Allora... premesso che non mi ha lasciato inviare l'email per "problemi sul server" (riprovo dopo)... io suggerire un testo di questo tipo:

 *Quote:*   

> Ho riscontrato delle difficoltà nella visualizzazione della vostra homepage (http://www.regione.fvg.it/) da Mozilla Firefox su Linux. Controllando il sorgente della pagina ho notato che viene eseguito un controllo SUPERFLUO della versione del browser. Infatti, bypassando quel controllo, la pagina viene visualizzata correttamente su qualunque browser. Gradirei per tanto che quel  controllo fosse rimosso per consentire a TUTTI di usufruire dei vostri servizi online. Certo di una vostra collaborazione, vi ringrazio anticipatamente

 

può andare bene secondo voi?

----------

## HoX

 *cloc3 wrote:*   

> prima di mettere risolto, mi chiedo ancora se esiste un modo per indicare a firefox di utilisare la stringa esclusivamente sui siti che se lo meritano.
> 
> mi sento maleducato a girare in quelle condizioni per il web.

 

Che io sappia l'unica è user agent switch (che tra l'altro non funziona con Firefox 3   :Sad:  ). Sarebbe interessante creare un estenzione che se ne occupi. Appena ho tempo mi studio XUL e ci provo. In ogni caso io proporrei di creare una bella blacklist di siti che discriminano gli utenti linux e ogni volta che ne aggiungiamo uno glielo notifichiamo. Penso che non ci tengano ad avere cattiva pubblicità.

----------

## cloc3

 *Anema wrote:*   

> 
> 
> può andare bene secondo voi?

 

secondo me non si tratta del controllo che dici tu, ma di qualcosa server-side, perché se scarichi il sorgente pagina e lo visualizzi in locale, hai un risultato positivo anche commentando lo script. forse, il sito non funziona bene nemmeno su Mac.

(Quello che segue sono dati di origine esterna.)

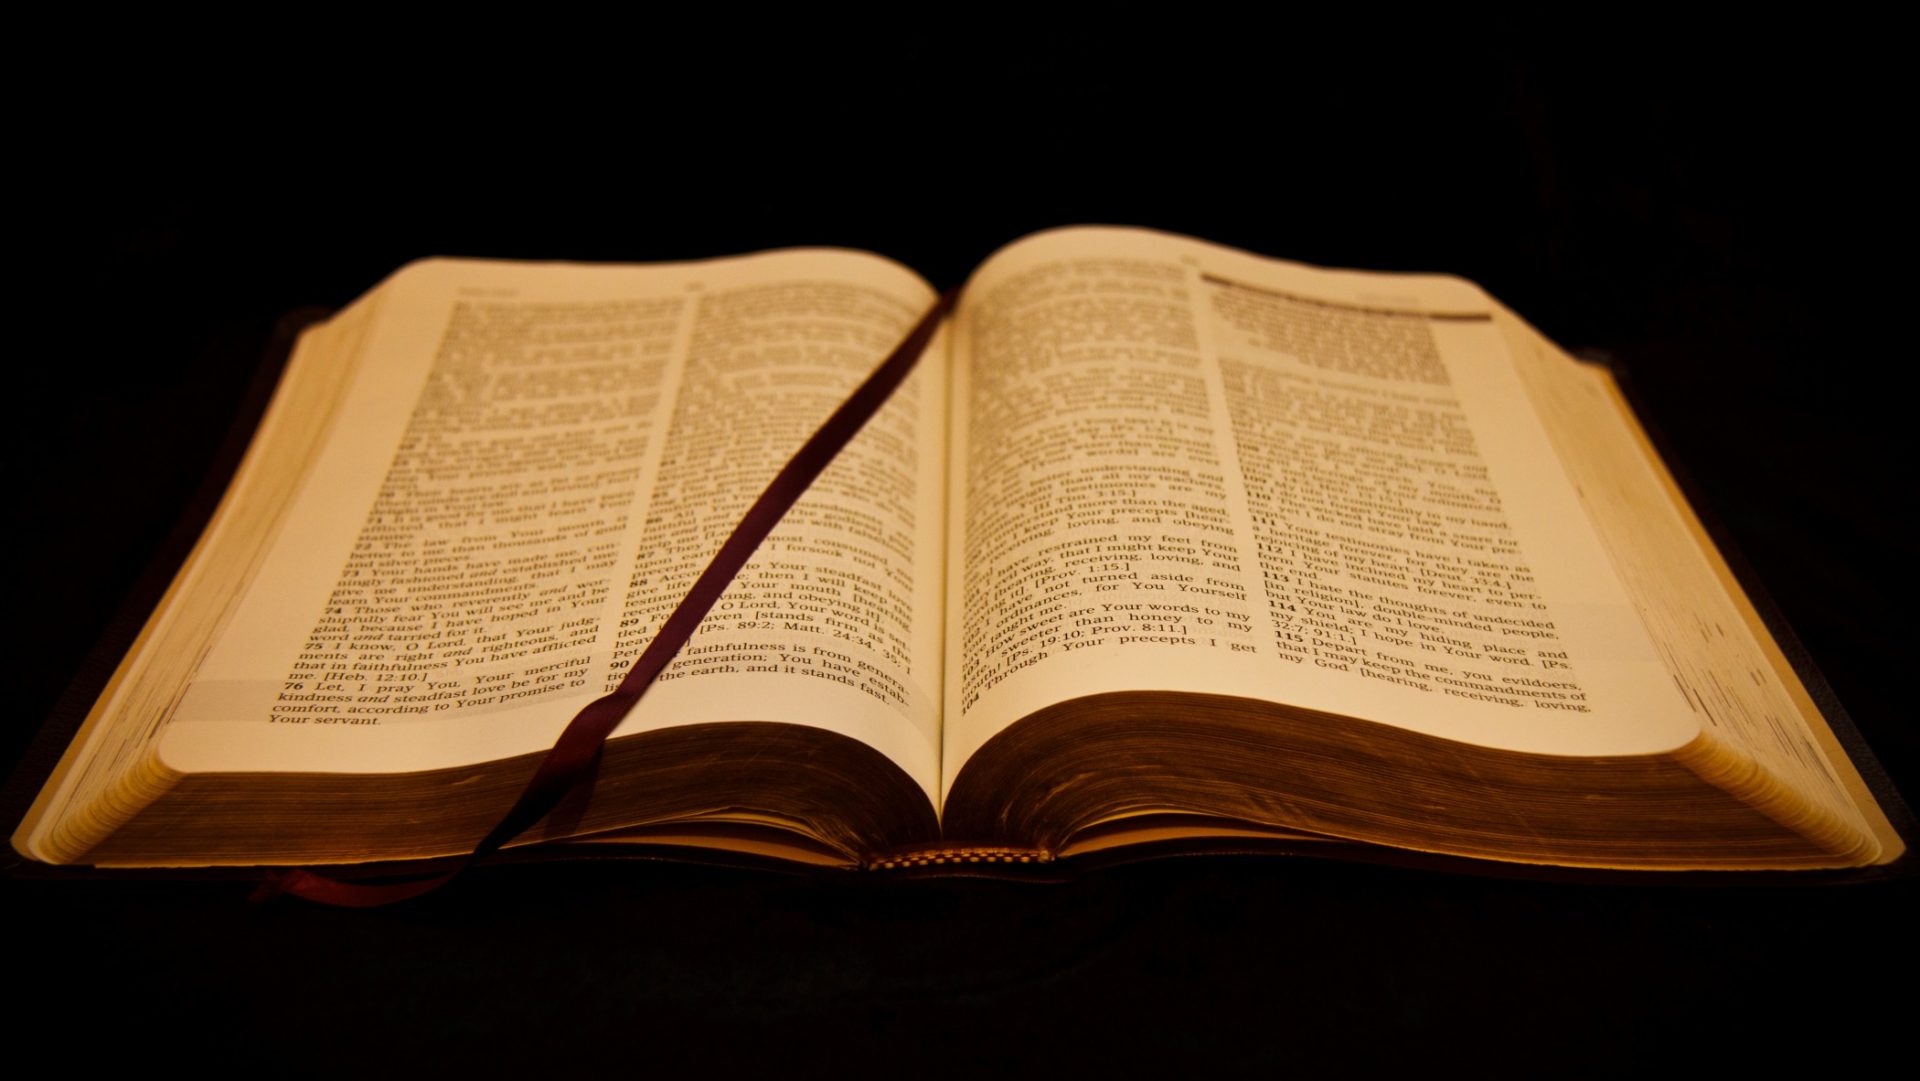 La diffusion de bibles en version numérique a doublé entre 2015 et 2016, à 3 millions d'exemplaires. (Photo:Ryk Neethling/Flickr/CC BY 2.0)

Di conseguenza, proporrei un testo diverso:

 *Quote:*   

> 
> 
> Gentili Amministratori del sito http://www.regione.fvg.it , 
> 
> desidero segnalarvi che l'homepage del vostro sito esegue un controllo SUPERFLUO, basato sulla ricerca della stringa "Windows" nella versione del browser, che compromette l'accessibilità a tutti gli utenti di sistema operativo diverso.
> ...

 

----------

## HoX

 *cloc3 wrote:*   

> 
> 
> secondo me non si tratta del controllo che dici tu, ma di qualcosa server-side, perché se scarichi il sorgente pagina e lo visualizzi in locale, hai un risultato positivo anche commentando lo script. forse, il sito non funziona bene nemmeno su Mac.
> 
> 

 

A me neanche in locale visualizza bene la pagina. Comunque a scanso di equivoci,manteniamo il tuo testo che va bene in tutti i casi

EDIT:

Accedendo con User Agent contraffatto l'URL è questo:

http://www.regione.fvg.it/rafvg/welcome.act;jsessionid=81512E408B7A05BB6974DF0287B710C0?dir=/rafvg/cms/RAFVG/

altrimenti è questo:

http://www.regione.fvg.it/rafvg/welcome.act?dir=/rafvg/cms/RAFVG/

semplicemente non ti danno una sessione valida penso. jsessionid mi sa che può essere solo quello

EDIT2:

Ovviamente i loro server continuano ad avere problemi... riproverò domani e dopodomani e via di seguito...

----------

## cloc3

 *Anema wrote:*   

> Allora... premesso che non mi ha lasciato inviare l'email per "problemi sul server" (riprovo dopo)

 

è domenica. devi capire.

----------

## HoX

Alla fine qualcuno ha mandato qualche cosa? Sono tornato sul sito e finalmente va  :Shocked:  , prima che potessi insultarli   :Twisted Evil: 

Comunque meglio così... almeno per ora posso lasciare la scritta "Firefox3/b2" come user-agent

----------

## cloc3

 *Anema wrote:*   

> Sono tornato sul sito e finalmente va  , prima che potessi insultarli  
> 
> 

 

li abbiamo sgamati. evidentemente i messaggi arrivavano nonostante la risposta negativa.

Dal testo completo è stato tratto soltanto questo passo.